The geology of alkaline hydrothermal vents. Click the image to enlarge it.

In the diagram on the left, you can see the overall geography of an alkaline hydrothermal vent. Number 1 shows rising magma, which is what causes seafloor spreading and creates structures like the mid-Atlantic Ridge and its rift valley (shown at number “3”). Number “2” is a black smoker vent. Off to the side, at number “4,” is an alkaline hydrothermal vent.

Rising, pointed pillars of limestone emerging from the sea floor.
A limestone tower from the lost city. Source: NASA.

Like black smoker vents, minerals released at the Lost City vents create chimney-like structures.  Spires composed of calcium carbonate grow to be several dozens of meters tall. Water leaving the vents is hot (40° C to 90° C), but much cooler than the 400°C fluid emerging from Black Smoker vents.

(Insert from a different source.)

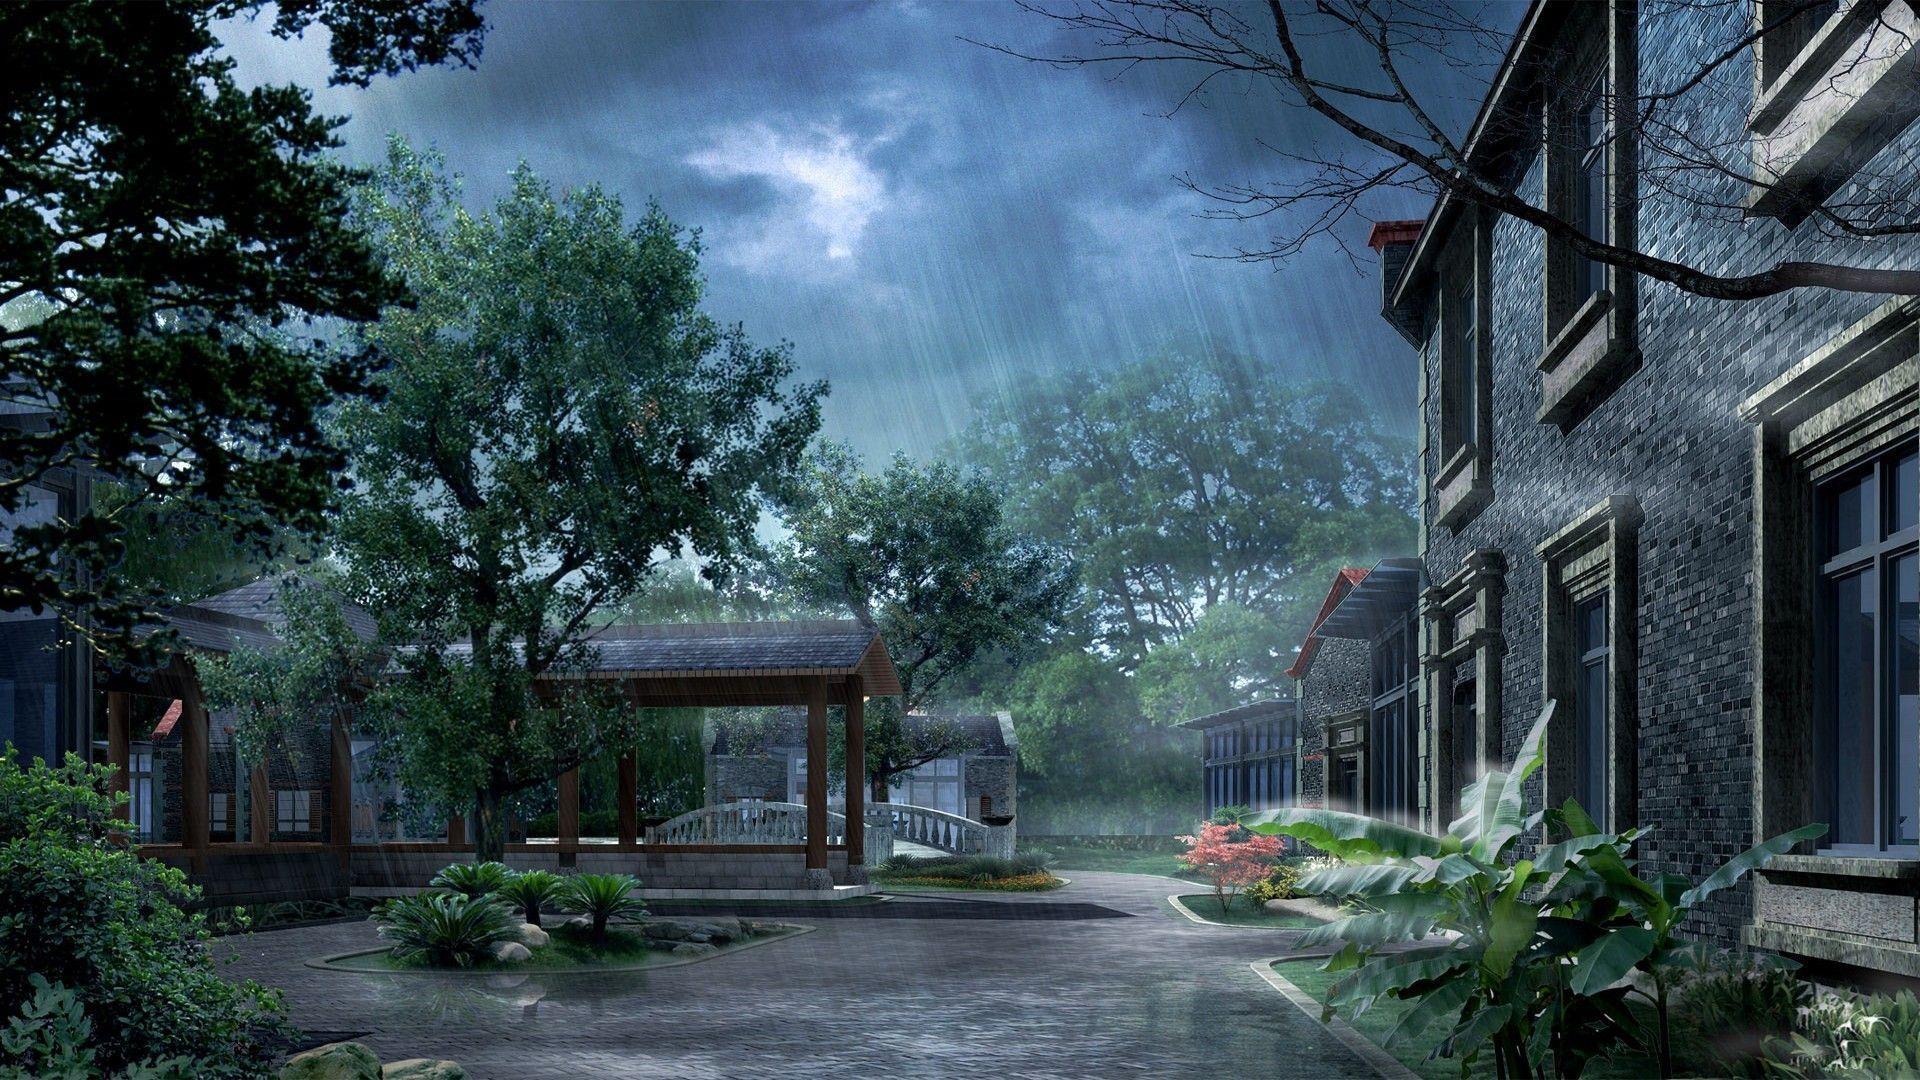 Rain Art Wallpaper (5118) | Nature Wallpaper Osteotx.

As their name indicates, the fluids emerging from these vents are alkaline (pH 9 to 11, as opposed to the slightly acidic fluid from Black Smoker Vents). These fluids are rich in highly reduced compounds, including molecular hydrogen (H2) and methane (CH4). The Lost City spires are also much longer lived than the Black Smoker chimneys. Radiometric dating sets the age of the Lost City system as at least 30,000 years old, making these vents hundreds of times older than Black Smoker Chimneys.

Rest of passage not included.